O ato principal do testamento é a manifestação da vontade do testador.
O art. 1.632 do CC/1916 dispõe que o ato principal do testamento é a manifestação da vontade do testador de dispor de seus bens para depois de sua morte. Já o tabelião atua como instrumento à consecução daquele ato volitivo emanado do testador, limitando-se a redigir o que se lhe dita, sem integrar o negócio jurídico, e conferindo-se ao ato a forma legalmente prevista, a denotar a sua validade.

Tanto é assim (o caráter instrumental do tabelião na celebração do testamento público) que o testador poderia optar pela realização de um testamento particular para alcançar o mesmo fim, sem se olvidar da maior segurança que contém no ato realizado pelo notário, no legítimo exercício de atividade delegada do Poder Público.

Princípio da máxima preservação da vontade do testador.
Por sua vez, a análise da regularidade da disposição de última vontade (testamento público) deve considerar o princípio da máxima preservação da vontade do testador (CC/1916, art. 1.666; CC/2002, art. 1.899).

A mitigação do rigor formal na jurisprudência desta Corte Superior iniciou-se com o julgamento do REsp n. 302.767/PR, pela Quarta Turma, propugnando a atenuação das formalidades do testamento para fazer valer a vontade do testador, manifestada livre e conscientemente, máxime diante da incompatibilidade fática de oportunizar ao estipulante a renovação ou o saneamento do ato – que só produz efeitos a partir da sua morte -, suprindo as irregularidades formais existentes.

No caso concreto, algumas formalidades foram descumpridas pelo notário.
No caso, apesar da assinatura do testamento público pela testadora, pelo notário e pelas cinco testemunhas exigidas pela lei vigente à data do ato (CC/1916), houve a quebra desse preceito.

As irregularidades cometidas foram:
O documento fora assinado em momentos diversos pelas partes que deveriam estar presentes conjuntamente ao ato;
É incerta a leitura do testamento pelo notário.

Logo, a mácula incidente sobre o testamento decorreu de ato exclusivo do notário, mas não se admite que a quebra dessa confiança implique o aumento excessivo de ônus ou perdas a terceiros, ante a aparente lisura dos seu atos de ofício – principalmente em se tratando de testamento, no qual a eficácia se opera com o falecimento do testador. Sendo, assim, insuscetível de repetição ou de saneamento.

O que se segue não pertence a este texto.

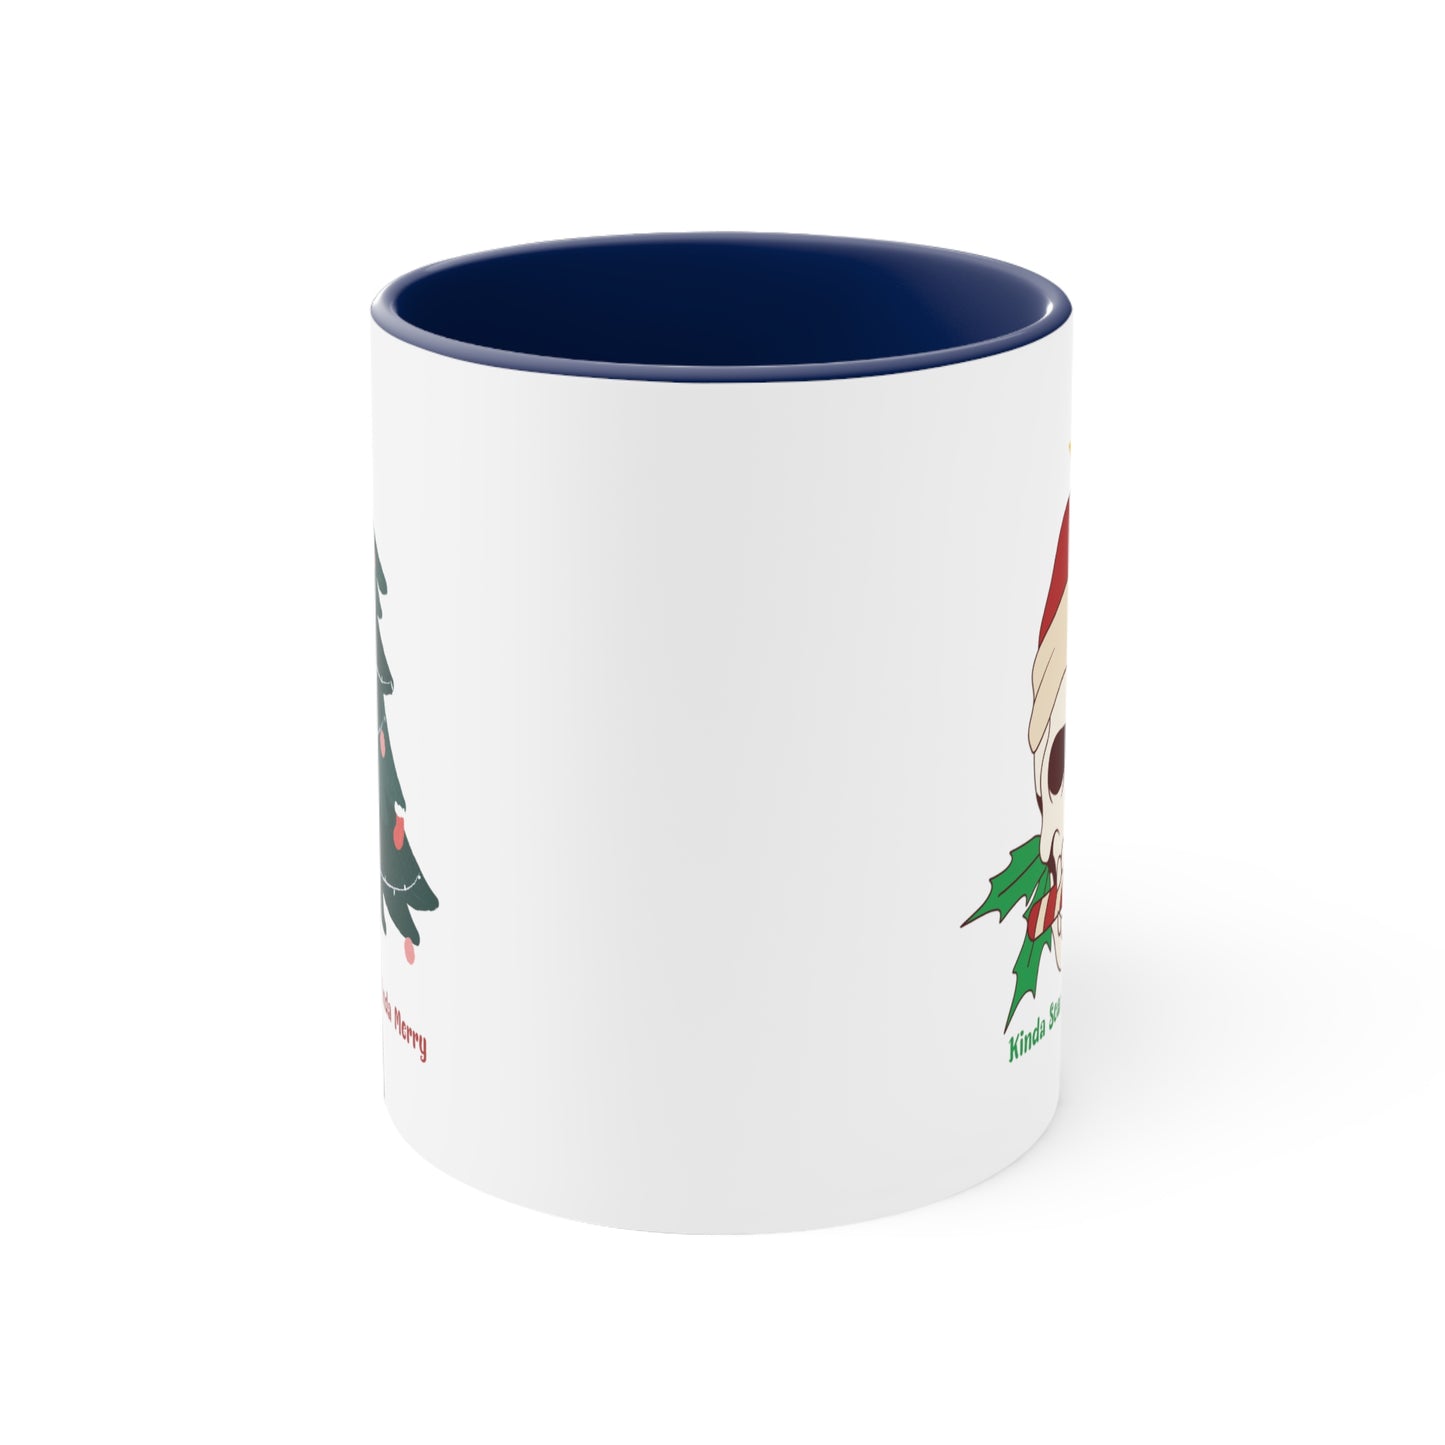 Kinda Scary Kindsa Merry Mug, Funny Christmas Mugt, Cute Spooky Season Mug, Custom Christmas Skeleton Mug, Accent Coffee Mug, 11oz, 4 colors

A vontade do testador deve prevalecer.
Embora não se ignore a existência de vícios formais, reconhece-se a validade dos testamentos, em virtude da prevalência do ato de manifestação de última vontade do testador, sobretudo quando não comprovada a sua incapacidade nem a existência de vício na sua manifestação de vontade.

Portanto, é válido o testamento público que, a despeito da existência de vício formal, reflete a real vontade emanada livre e conscientemente do testador, aferível diante das circunstâncias do caso concreto, e a mácula decorre de conduta atribuível exclusivamente ao notário responsável pela prática do ato, como na hipótese, aplicando-se, assim, a teoria da aparência, de sorte a preponderar o princípio da vontade soberana do testador em detrimento da quebra do princípio da unicidade do ato testamentário por inobservância ao regramento disposto no art. 1.632 do CC/1916.
STJ. AR 6.052-SP, Rel. Ministro Marco Aurélio Bellizze, Segunda Seção, por unanimidade, julgado em 8/2/2023, DJe 14/2/2023 (info 775).